Djarum Black (stylised as DJARUM BL∆CK) is an Indonesian brand of kretek (clove cigarettes and cigars), currently owned and manufactured by Djarum.

==History==
It is sold in a stretched pack, two cigarettes wide and ten cigarettes long. The cigarette itself is black, flavored paper. The cigarette features a clove flavor both in scent and taste, and the paper has a sweet taste. It is made with natural Indonesian tobacco, and is widely distributed throughout the world.

==Legal status in the United States==
A federal law passed in the United States in 2009 made it illegal for tobacco shops and stores to carry cigarettes that contain flavors other than menthol. The law affects the Djarum Black cigarette brand and has made it unavailable for purchase within the United States.
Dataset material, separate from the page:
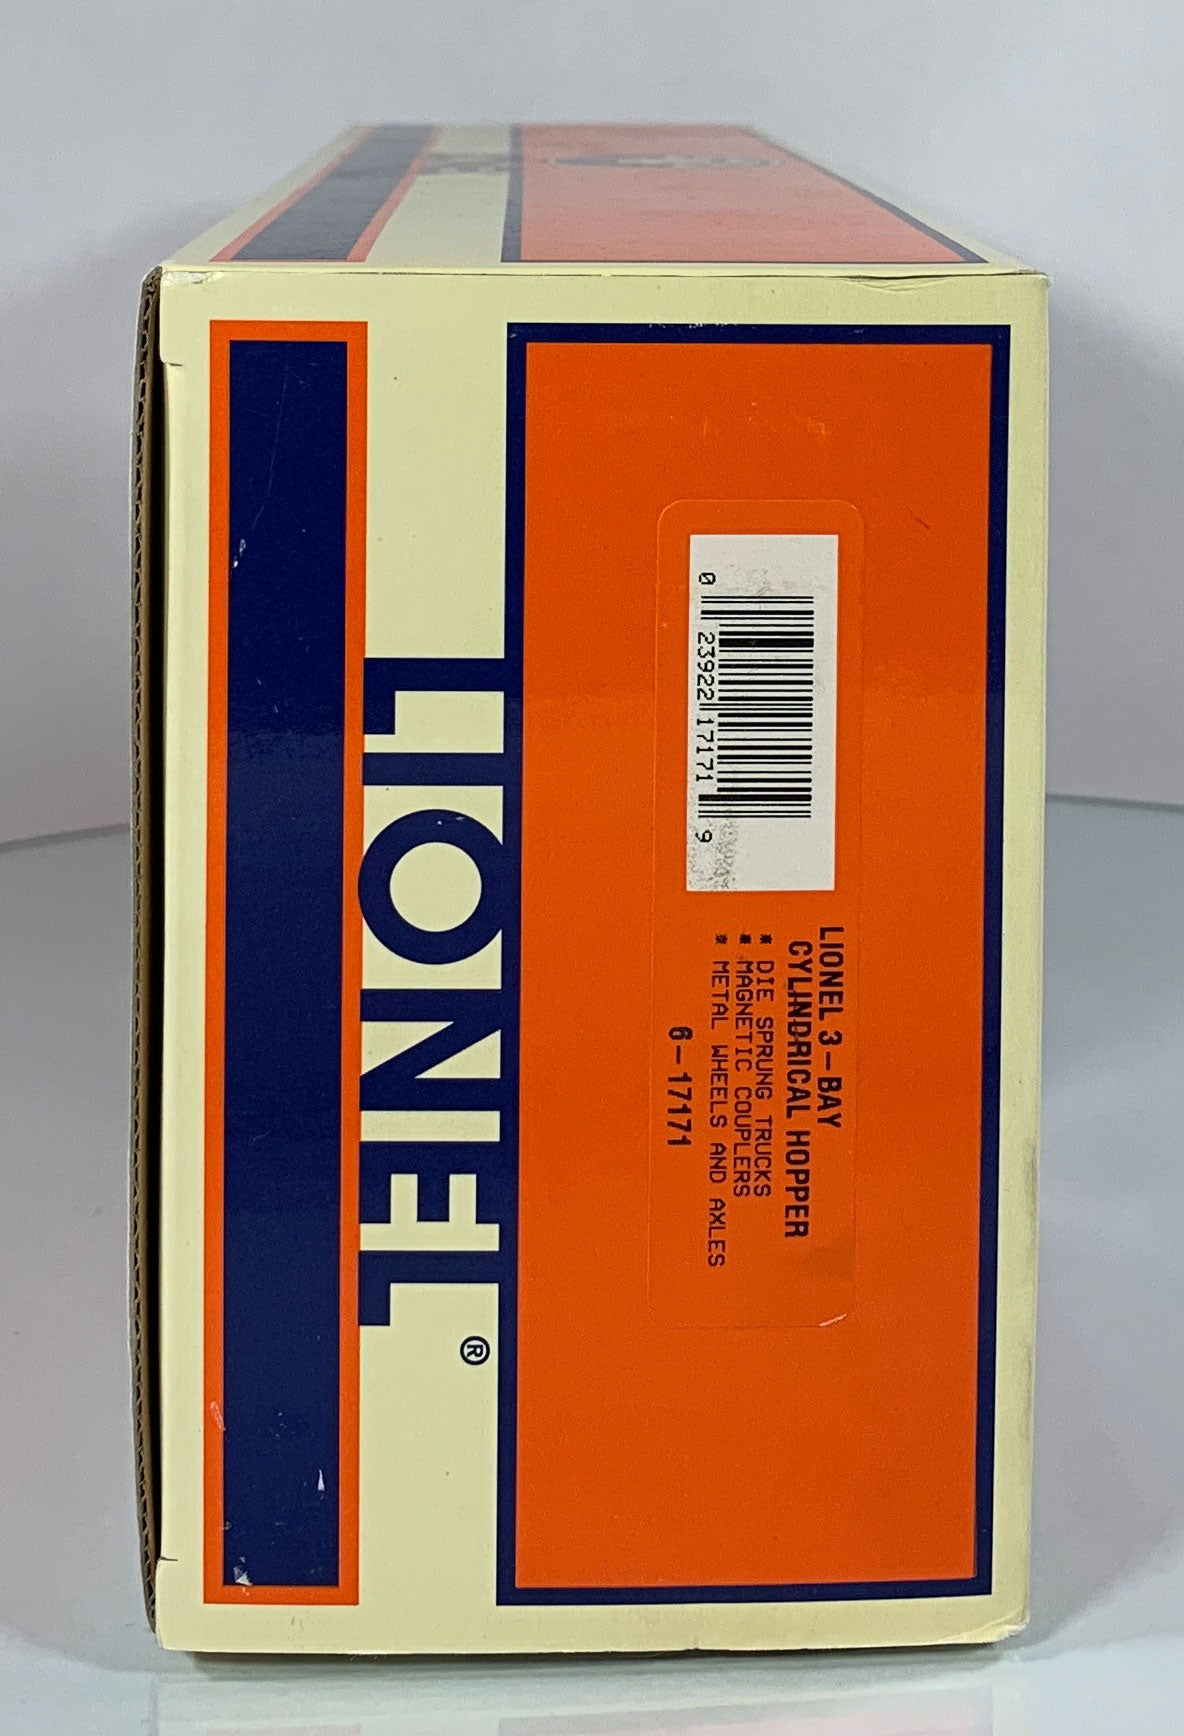 LIONEL • O GAUGE • 2001 Lionel 3-Bay Cylindrical Hopper 6-17171 • NEW OLD STOCK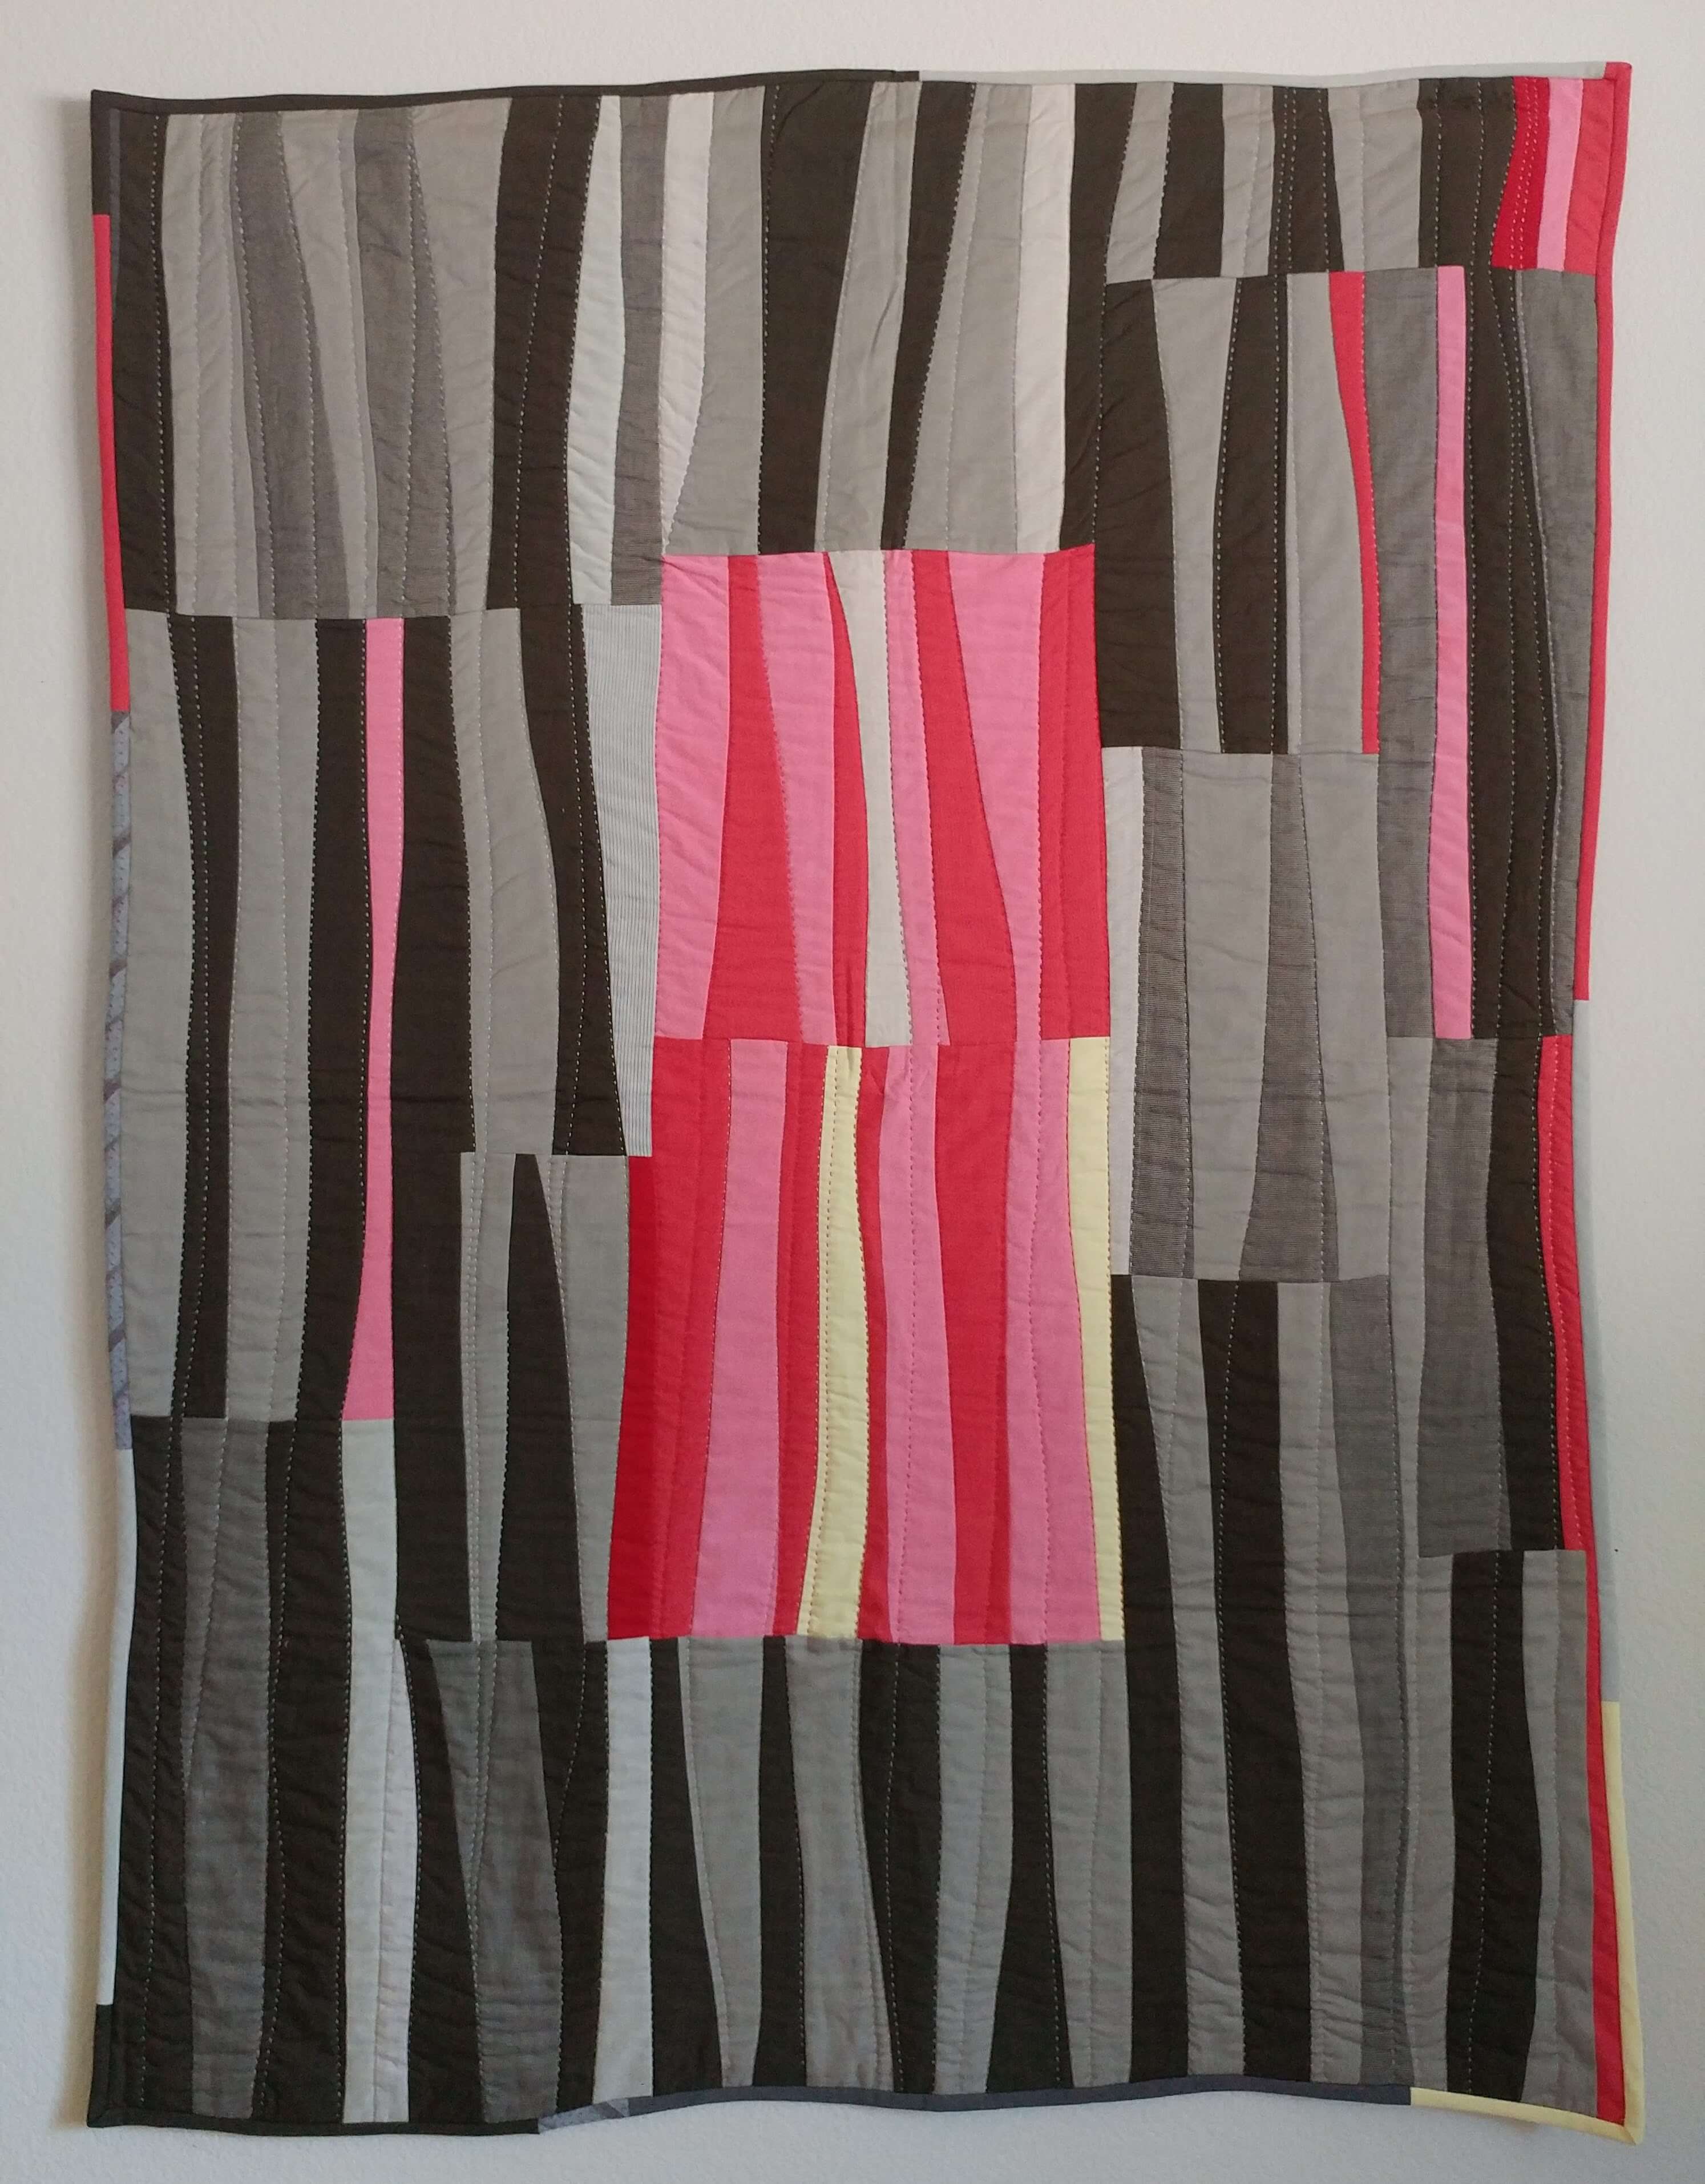 Kawandi quilt Grey and Pink by Sujata Shah, Makers' Retreats France Atelier Clos Mirabel.

Now to sell any type of kretek in the US it must be classified as a cigar, i.e. wrapped in tobacco leaf rather than paper. The current Djarum Black cloves are now rolled in tobacco paper. As of 2010, in the United States Djarum Blacks are available again in smaller 12-pack cigars, which are much thicker than the cigarettes that come in 20 packs.

==Markets==
Alongside their home market of Indonesia, Djarum Black cigarettes were or still are sold in the following countries Brazil, United Kingdom, Austria, Poland, India and Canada.